THE Friends of Darwen Library are becoming experts at jogging the memories of local folk with their regular in-house displays.

Royal visits and celebrations was their most recent exhibition and now they have come up with an unusual display of advertisements for well-known local shops and services going back 100 years and more.

It will be unveiled in time for the Friends’ annual pre-Christmas coffee morning which takes place on Saturday, November 26.

Said Friends’ chairman Kath Farnworth: “Our displays always go down well and stir a lot of memories. This latest exhibition is certainly a bit unusual but I’m sure it will be very popular.”

Local folk will remember - or at least heard of - some of them, such as Shepherd’s, Knowles’, Freeman Hardy & Willis, Ben Worsley’s, Fairhurst’s, Wm Berry’s and, of course, the Darwen Industrial Co-operative Society.

The Criterion Cafe, the Theatre Royal and Darwen Steam Laundry are all remembered to this day, while among the oldest Darwen shops still going strong are the Saddler’s at the bottom of Bolton Road, the cake shop in Bridge Street, the wine shop at the top of Duckworth Street and Gibson’s the ironmonger.

The adverts on show were gleaned from several publications and from various dark corners.

Some go back to a Darwen Advertiser Christmas magazine of 1895, the booklet Pictorial Darwen of 1904, and church magazines of the 1920s.

It was a different world 100 years and more ago.

It was a long time before the Co-op opened the town’s first self-service store in Market Street in 1955, followed a few years later by Tesco who opened a little shop in Bridge Street.

Possibly the biggest loss and most fondly remembered was the Peacock’s pasty shop on the main road.

More than 3,000 pasties were baked every weekend to satisfy the queues that snaked round the corner at the bottom of Vale Street.

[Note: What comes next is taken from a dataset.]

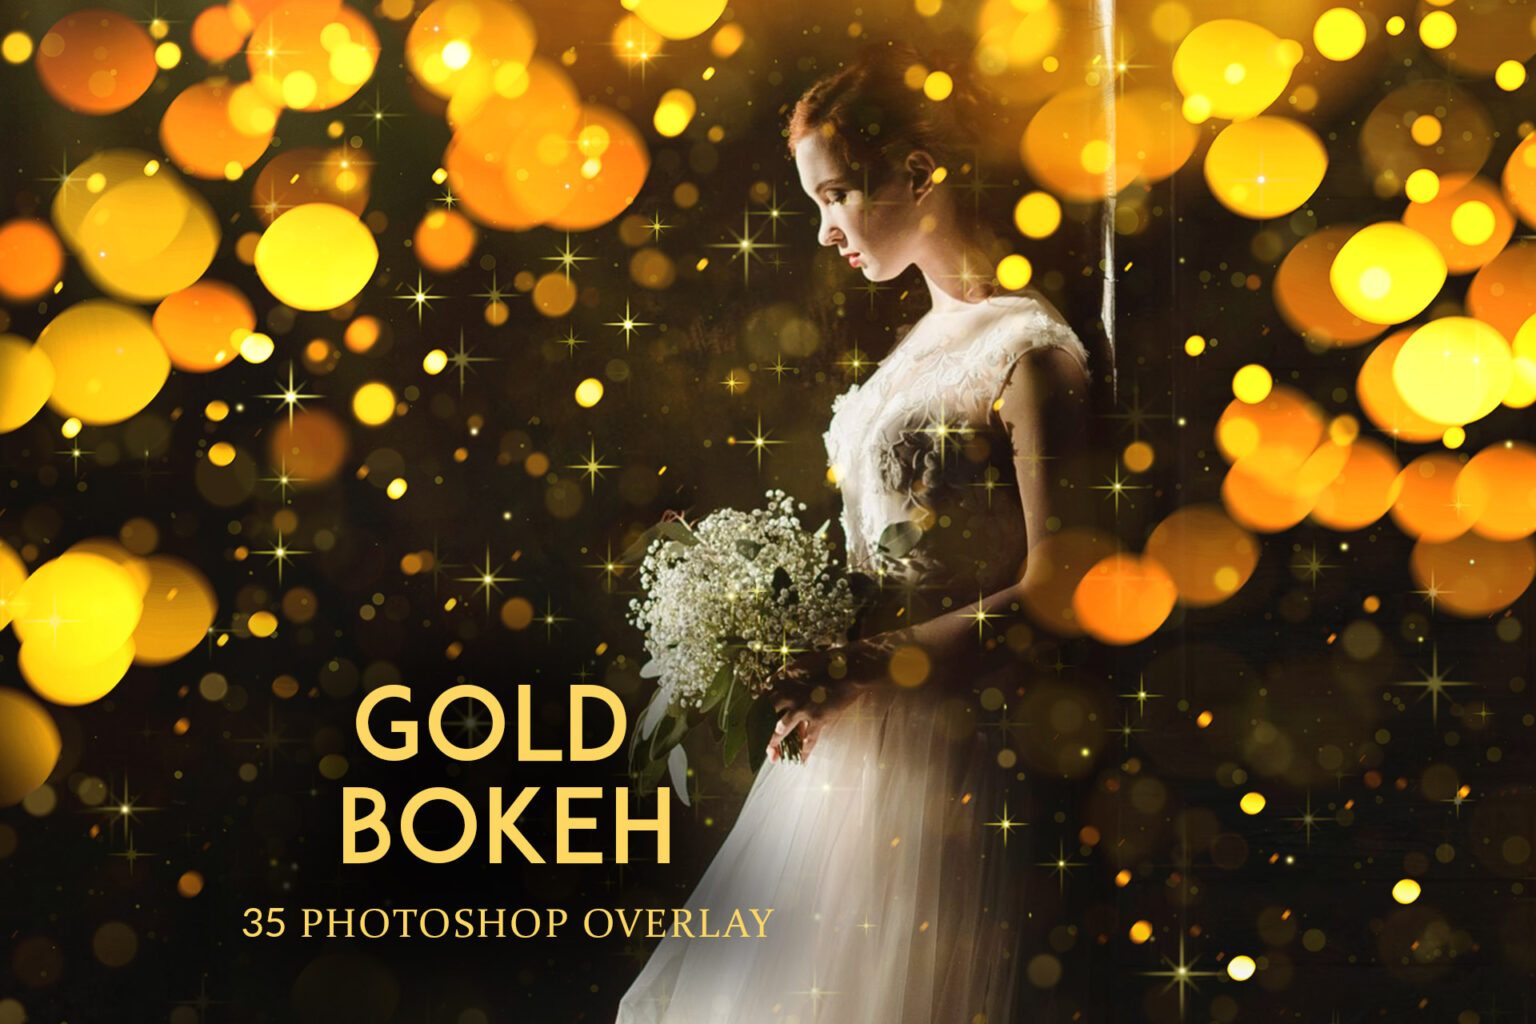 gold bokeh photoshop

In the ‘old days’ you could buy an elegant top hat from Dalton’s in Duckworth Street for 8s 6d or pick up a ‘black coat and vest’ for 30s from Grimshaw’s, the tailors on the Market Square.

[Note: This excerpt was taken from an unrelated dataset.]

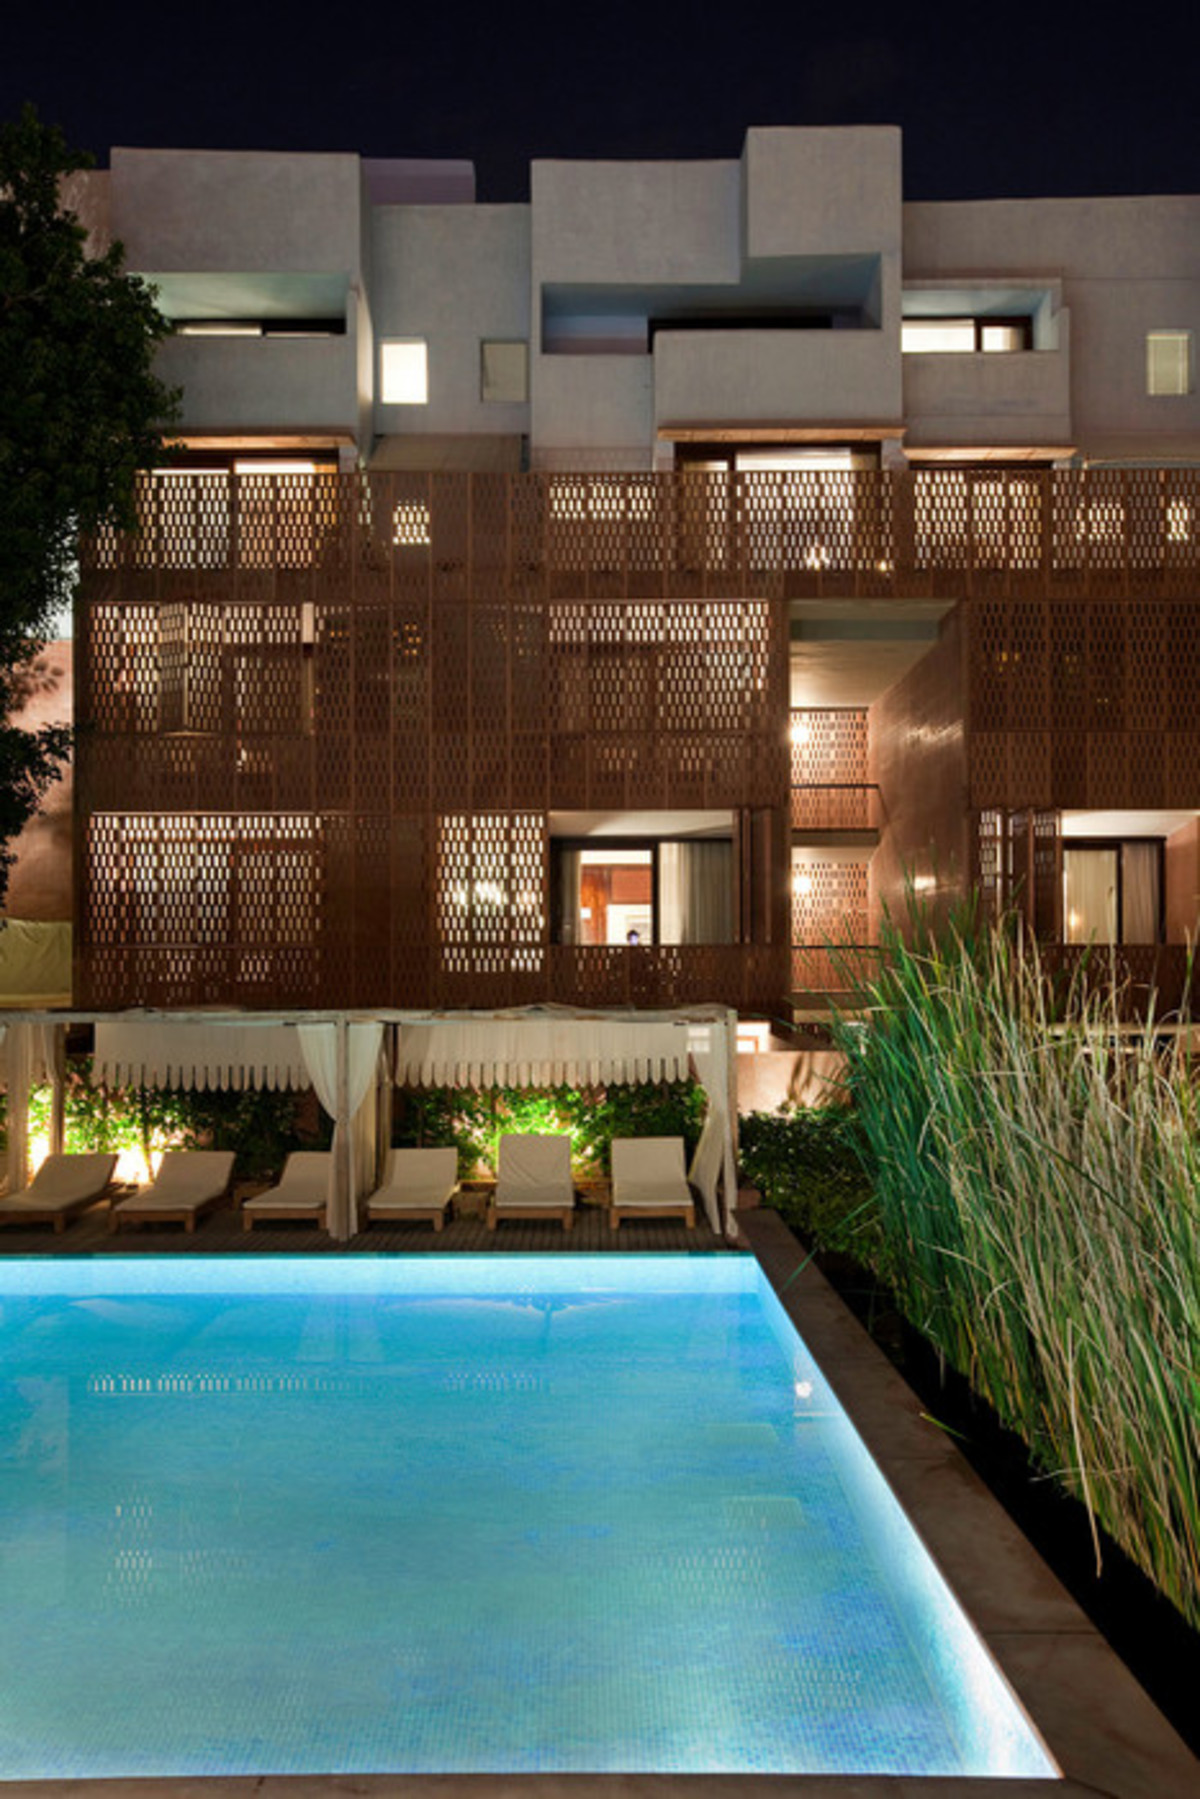 Hotel Raas w Indiach - nagrodzony WAF Award 2011 w kategorii Budynek Wakacyjny. Autor projektu: Lotus Praxis Initiative; fot.: andré j fanthome

The George Inn had livery stables round the back and also offered ‘wedding equipages’, which must have been smart carriages.

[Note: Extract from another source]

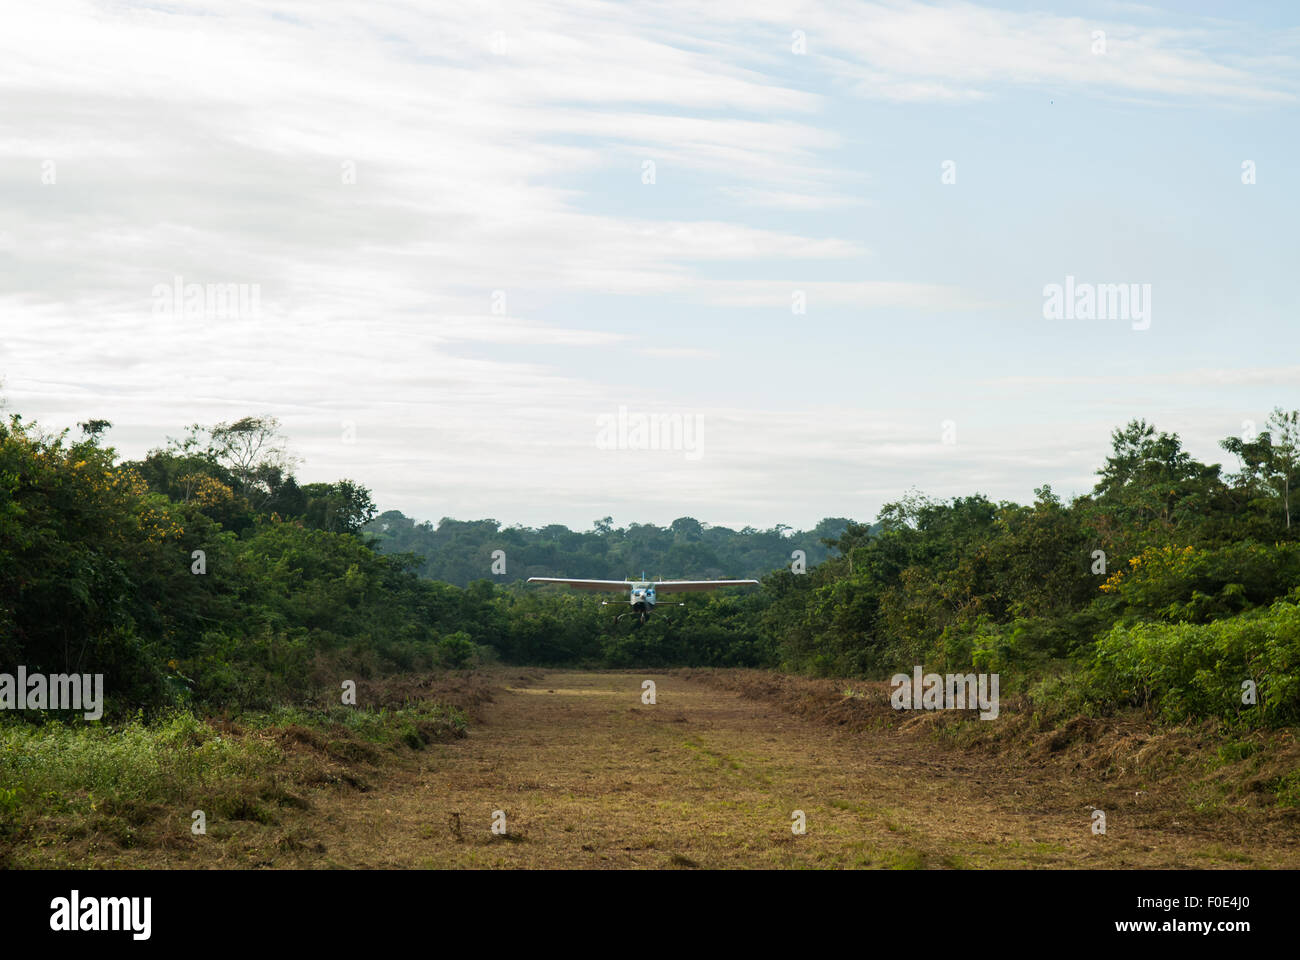 Aldeia Baú, Para State, Brazil. Amazon landing strip. Stock Photo

Hacking’s Borough Wine Stores at the bottom of Bolton Road sold large bottles of champagne for five bob and a bottle of Scotch for half a crown.

It must have been fun getting married in Darwen over a century ago. An equipage to the church, on to the ‘luxurious cafe’ at the mock-Tudor-timbered Criterion – and everyone blotto on champers and scotch for, say, a tenner. Happy days!